The problem with this structure is that we write one page at a time, and the problem with this process is that we write half of the crash. If this problem happens, we only have half of the data. So usually we also keep a log file that keeps going forward, and this log file is updated before we actually update the B-tree, so that if something goes wrong when we update the B-tree, we can recover data from this log file.

Of course, in addition to this method to prevent crash, there are many other methods, such as maintaining two pages at the same time, when the new page is updated successfully, you can directly change the pointer to point past.

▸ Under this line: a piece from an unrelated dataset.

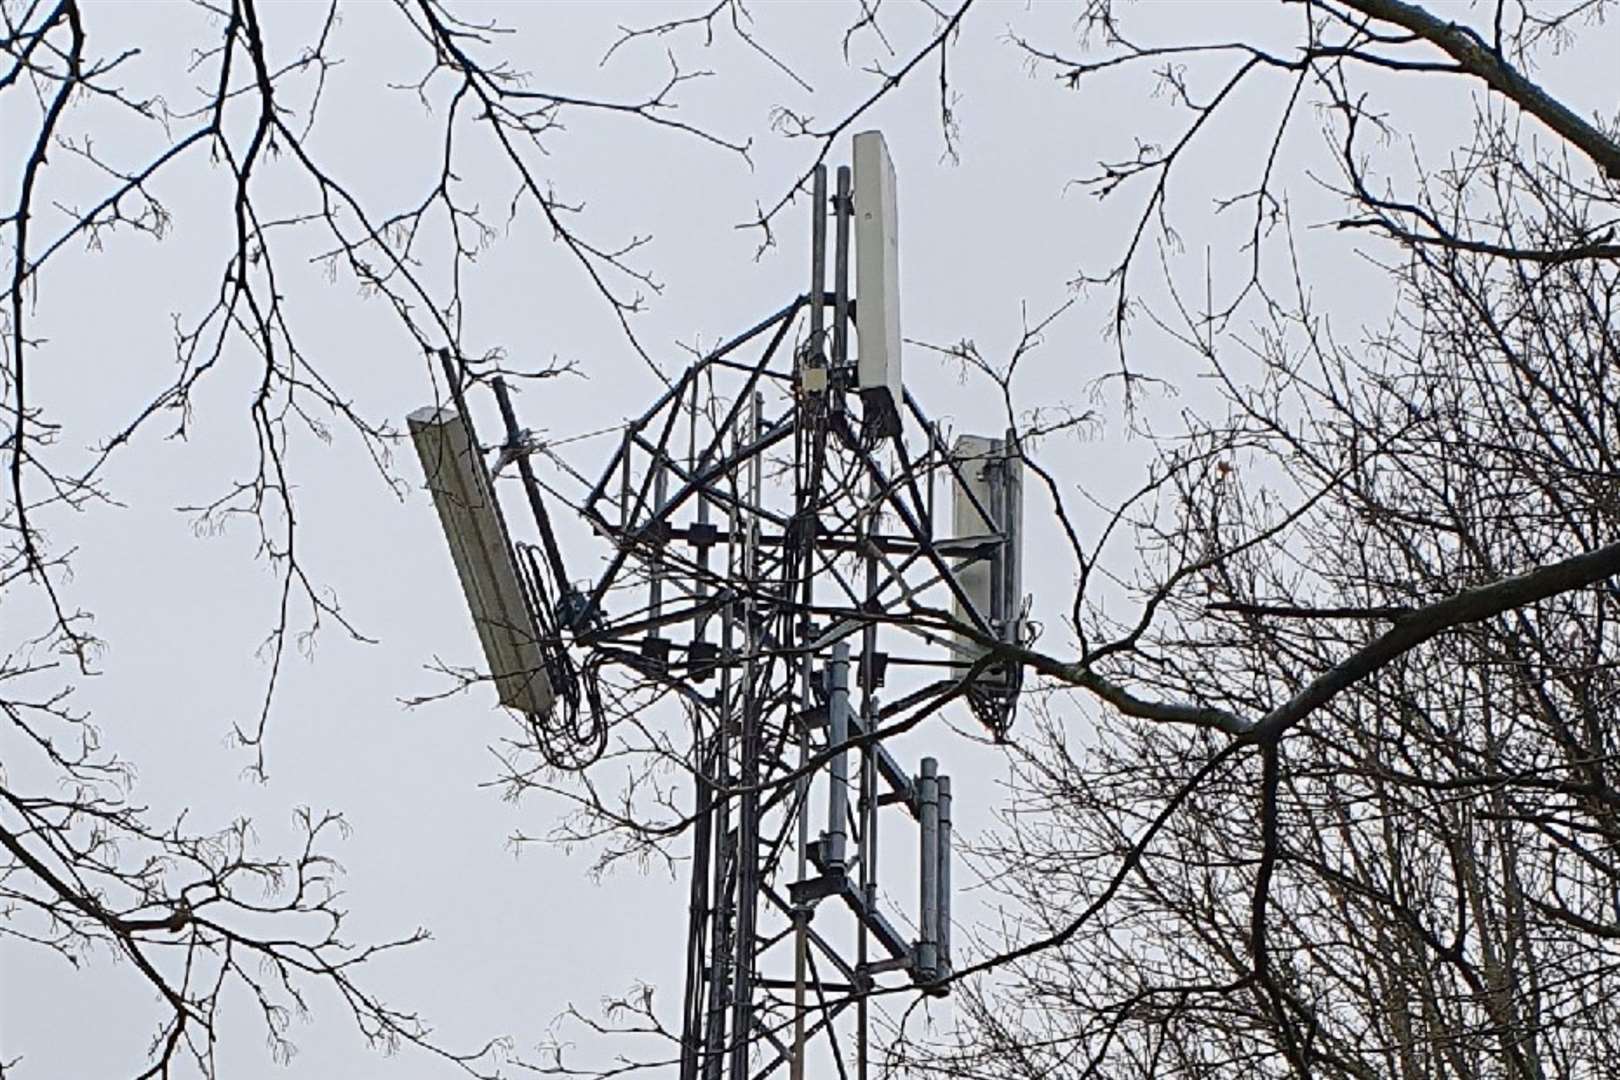 The damaged phone mast has an antenna hanging off. Picture: My Tenterden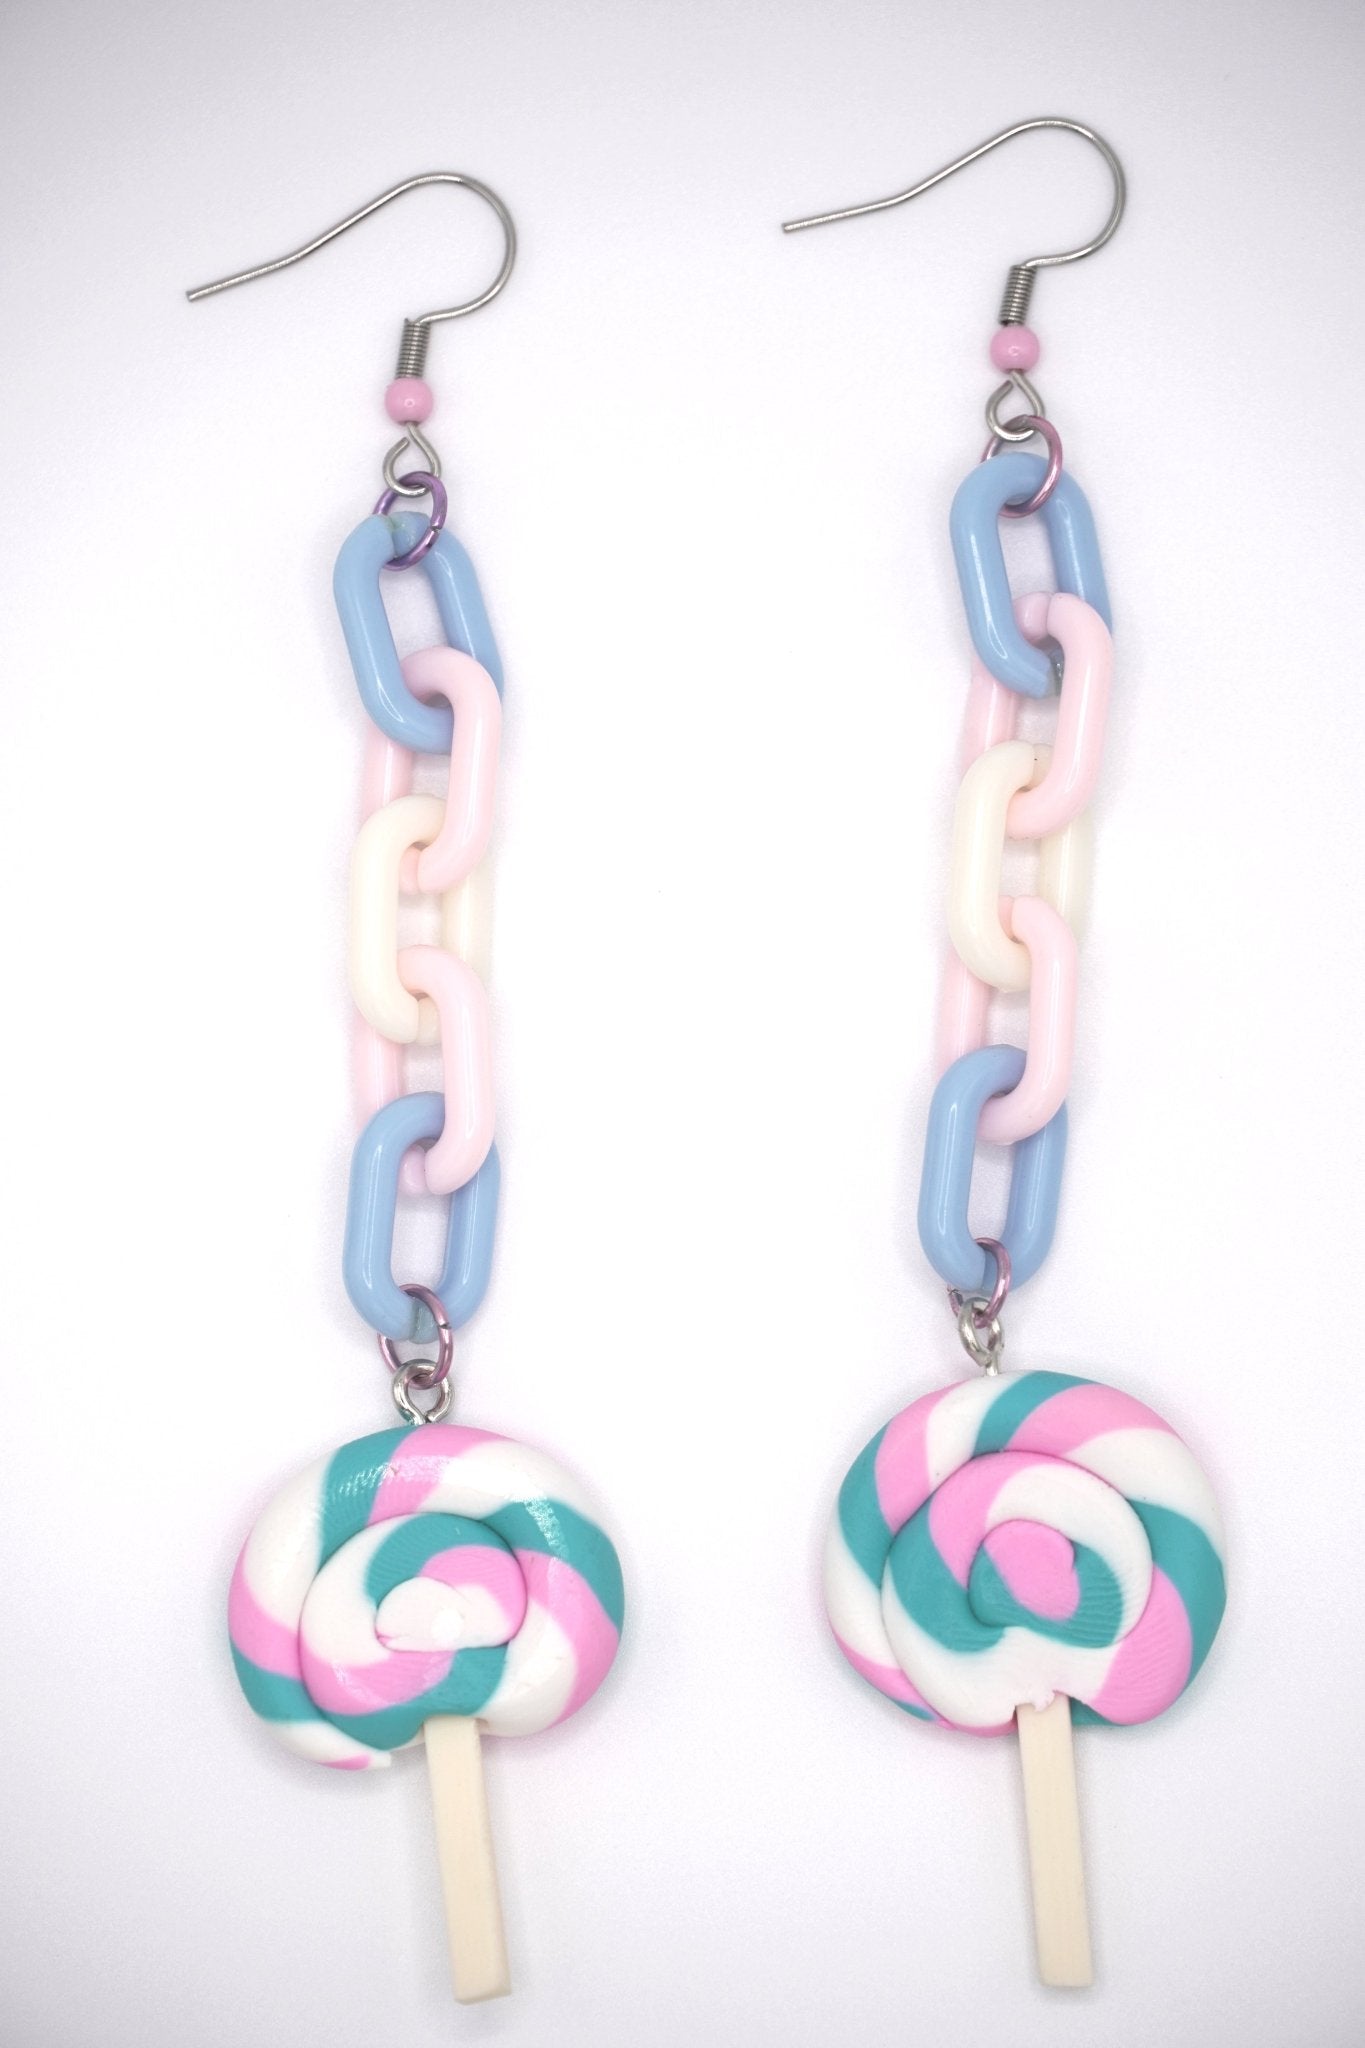 Trans Flag Colored Lollipop Earrings with Pastel Chains, Trans Pride Earrings, LGBTQ Pride Month - Dekowaii Jewelry Company

Of course, B-Tree has been around for a while, and many people have made a lot of optimization, such as trying to arrange the storage position of each page in disk as much as possible in order, so that it will be a sequential access when reading, and improve the efficiency of access. For example, we can add a forward and backward pointer to each leaf page to point to the page sorted before and after, so that we can query a range of more efficient and so on.